ORT Argentina realised the importance of entrepreneurship for the future of the economy and incorporated it as a part of their school curriculum. They have adopted the approach that although entrepreneurship can be taught, they do not guarantee to produce a Bill Gates or a Donna Karan, any more than a physic professor can guarantee to produce an Albert Einstein, or a tennis coach to produce a Venus Williams. However, by getting students with a suitable aptitude to start a business, ORT Argentina guaranteed to make them better entrepreneurs.

“If we teach today’s students, as we taught yesterday’s, we rob them of tomorrow” – John Dewey
How we teach must echo how our students learn and it must also prepare them for the future. Education systems are more and more adopting an approach to teaching that takes into consideration the learning and teaching that will be required in the 21st Century.
In Israel, Kadima Mada has implemented Smart Classrooms in schools at the periphery of the country, simultaneously training the teachers on the new pedagogy. The Smart Classrooms are technology enhanced classrooms that foster opportunities for teaching and learning by integrating learning technology, such as computers, specialized software and audio/visual resources.

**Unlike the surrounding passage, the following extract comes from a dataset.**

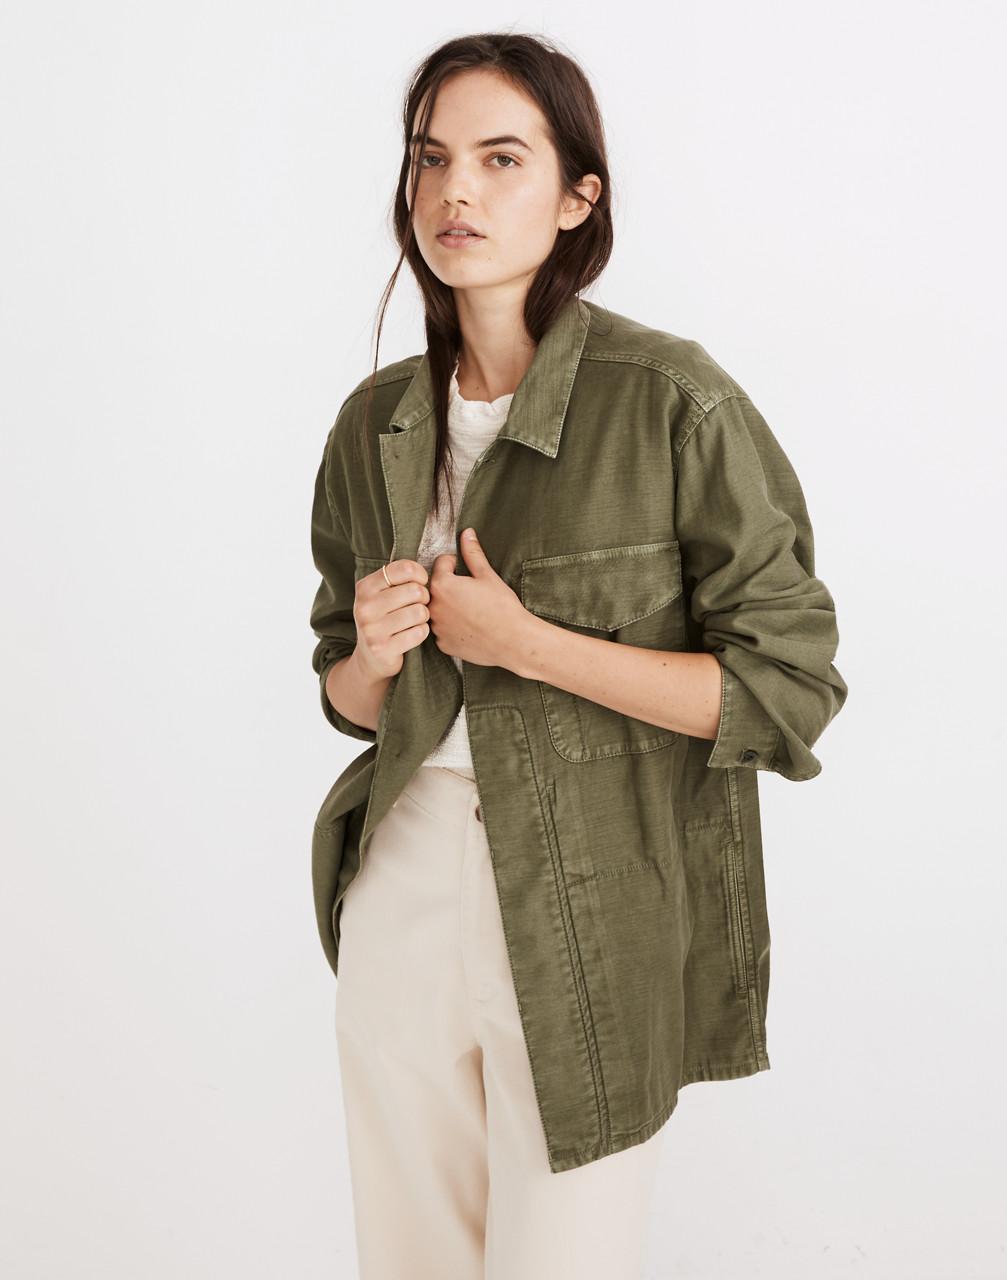 80s Windbreakers, Jackets, Coats Military Shirt Jacket $138.00 AT vintagedancer.com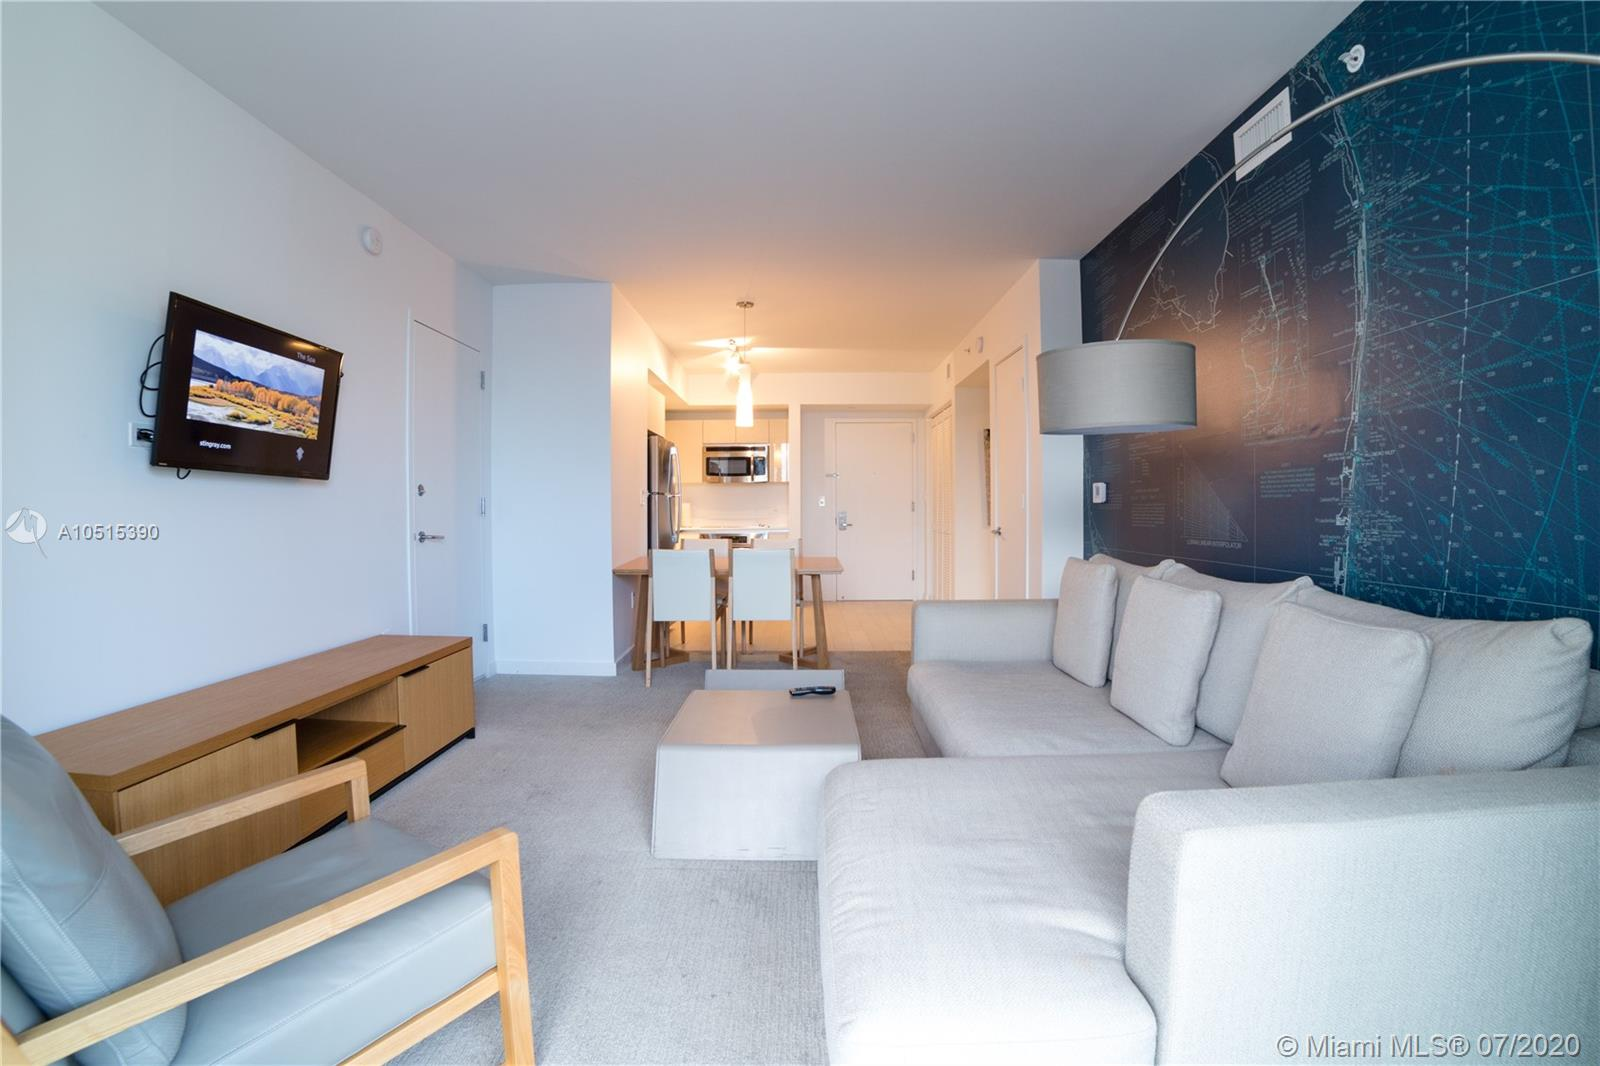 2602 E Hallandale Beach, Hallandale Beach, Florida 33009, 2 Bedrooms Bedrooms, ,2 BathroomsBathrooms,Rental,For Rent,2602 E Hallandale Beach,A10515390

“Innovation distinguishes between a leader and follower” Steve Jobs
Becoming innovative schools leaders, who promote innovative teaching and stimulates innovation amongst students and teachers, requires a proactive approach from school principals and school management teams. Innovation cannot be delegated and has to be modeled by the leaders of the schools. This can be done, by embedding it into schools’ values, promoting programmes such as exchanges students/ teachers with other schools to learn and explore other successful models, by continuous learning of future trends and by modelling creative thinking and communicating.
The World ORT ICT Seminars are held globally. In South Africa it is hosted by the South African Board of Jewish Education (SABJE) and driven by ORT SA. They assist Jewish Schools to learn about cutting edge technologies and trends and to actively learn about new pedagogies which support 21st century learning.

We all need to be able to learn to operate in a challenging, unpredictable environment. Change cannot be avoided and unfortunately cannot be predicted either. We therefore need to adopt an approach of innovation and leadership that will assist us with adopting change and gaining skills to help us cope effectively in unfamiliar and complex situations.